用户提问 ──► retriever.invoke(query) ──► 拿到 k 段相关文本
│
▼
┌──────────────────────────────────────────────────────┐
│ prompt = f"““Use the following context to answer │
│ the question at the end. │
│ Context: {把所有检索结果拼接在一起} │
│ Question: {query} │
│ Answer:””" │
└──────────────────────────────────────────────────────┘
│
▼
LLM.invoke(prompt)
│
▼
返回答案字符串

上图以chain_type=stuff为例，其它chain_type略有不同。

源码分析

检索
retriever.get_relevant_documents(query) → List[Document]
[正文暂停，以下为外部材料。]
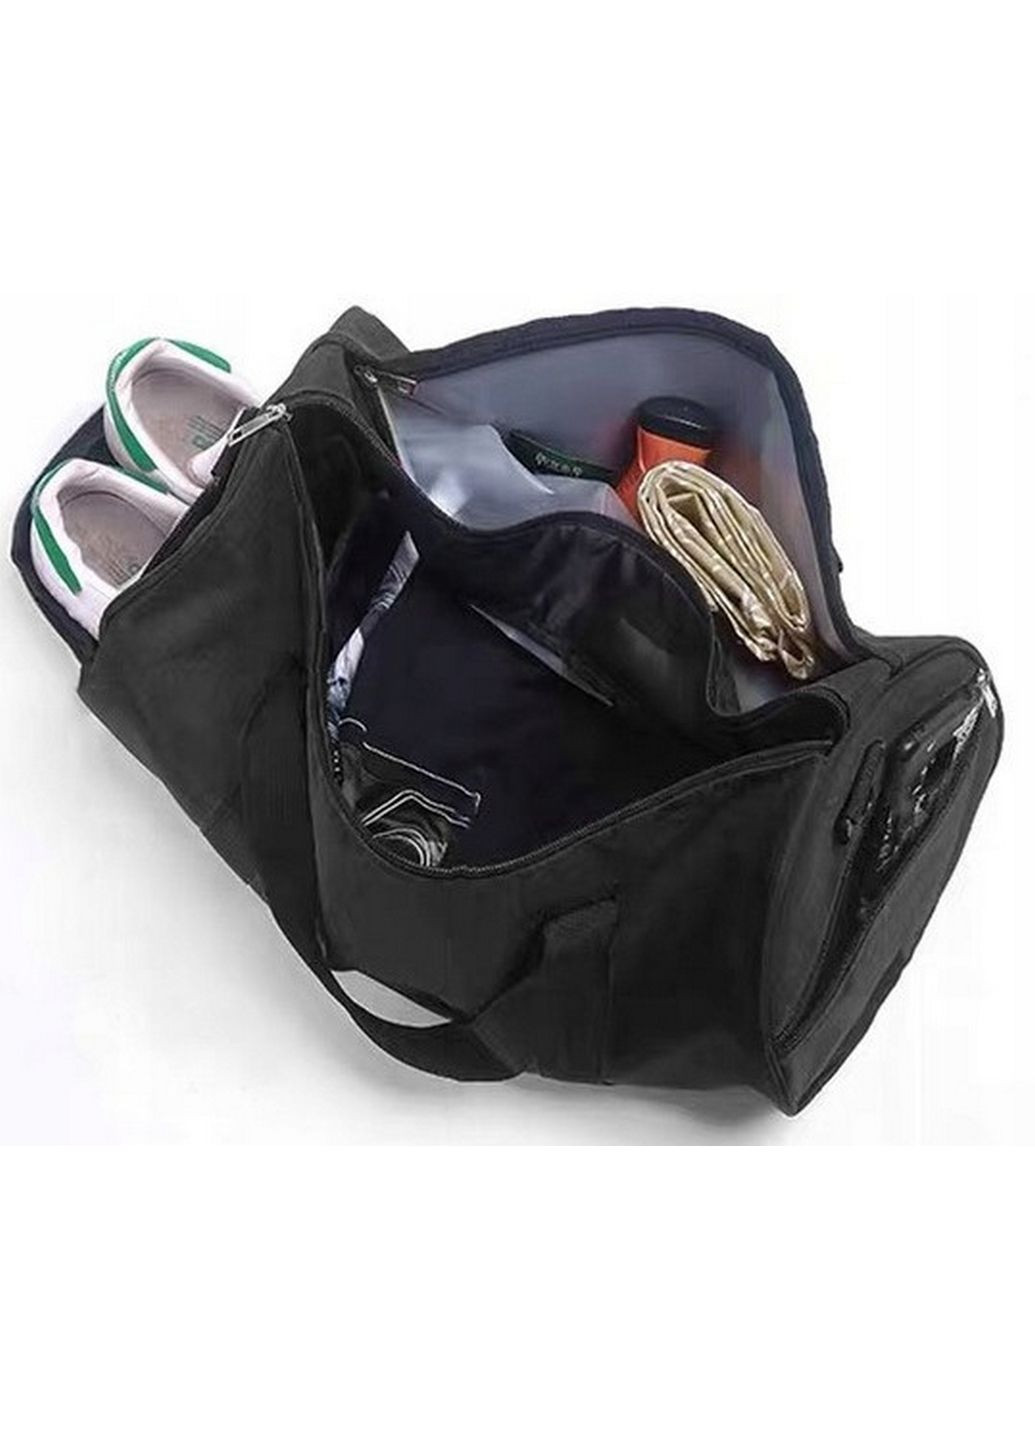 Cпортивная сумка с отделом для обуви 25L Strado (279318132)

这里的retriever基于向量数据库（例如chromadb），实现在langchain/chains/retrieval_qa/base.py里：

    def _get_docs(
     self,
     question: str,
     *,
     run_manager: CallbackManagerForChainRun,
 ) -> list[Document]:
     """Get docs."""
     if self.search_type == "similarity":
         docs = self.vectorstore.similarity_search(
             question,
             k=self.k,
             **self.search_kwargs,
         )
     elif self.search_type == "mmr":
         docs = self.vectorstore.max_marginal_relevance_search(
             question,
             k=self.k,
             **self.search_kwargs,
         )
     else:
         msg = f"search_type of {self.search_type} not allowed."
         raise ValueError(msg)
     return docs

vectorstore的search实现为(langchain_core/vectorstores/in_memory.py)：

@override
 def similarity_search_with_score(
     self,
     query: str,
     k: int = 4,
     **kwargs: Any,
 ) -> list[tuple[Document, float]]:
     embedding = self.embedding.embed_query(query)
     return self.similarity_search_with_score_by_vector(
         embedding,
         k,
         **kwargs,
     )

先把query用embedding模型转成向量，接着到向量数据库里查top K相似，最后把这top K向量对应的原文取出。

填充上下文
StuffDocumentsChain 把 k 个 Document.page_content 用 \n\n 拼成一段长文本 context
构造 prompt

默认模板由chain_type参数指定，当chain_type=stuff时，见 langchain/chains/question_answering/stuff_prompt.py
```
Use the following pieces of context to answer ...
Context:
{context}

Question: {question}
Helpful Answer:
```
还有其它的chain_type：refine/map_reduce等，后面章节详细讨论。
LLM 生成
把 prompt 交给 LLM，得到答案字符串
返回结果
RetrievalQA 返回 {"result": "答案", "source_documents": [检索到的原始 Document]}

不同的chain_type

refine（迭代润色）

原理
按顺序逐段处理：

第一段 → 生成初始答案
后续每段把 当前答案 + 新文档 一起喂给 LLM，要求“在原答案基础上 refine”

流程图

doc1 ──► prompt ──► LLM ──► ans1
doc2 + ans1 ──► refine prompt ──► LLM ──► ans2
doc3 + ans2 ──► refine prompt ──► LLM ──► ans3
...

refine模式使用的prompt为：

DEFAULT_REFINE_PROMPT_TMPL = (
    "The original question is as follows: {question}\n"
    "We have provided an existing answer: {existing_answer}\n"
    "We have the opportunity to refine the existing answer "
    "(only if needed) with some more context below.\n"
    "------------\n"
    "{context_str}\n"
    "------------\n"
    "Given the new context, refine the original answer to better "
    "answer the question. "
    "If the context isn't useful, return the original answer."
)

很明显，相比stuff，refine的提示词里多了个{existing_answer}，代表了上次得出有待精炼的答案。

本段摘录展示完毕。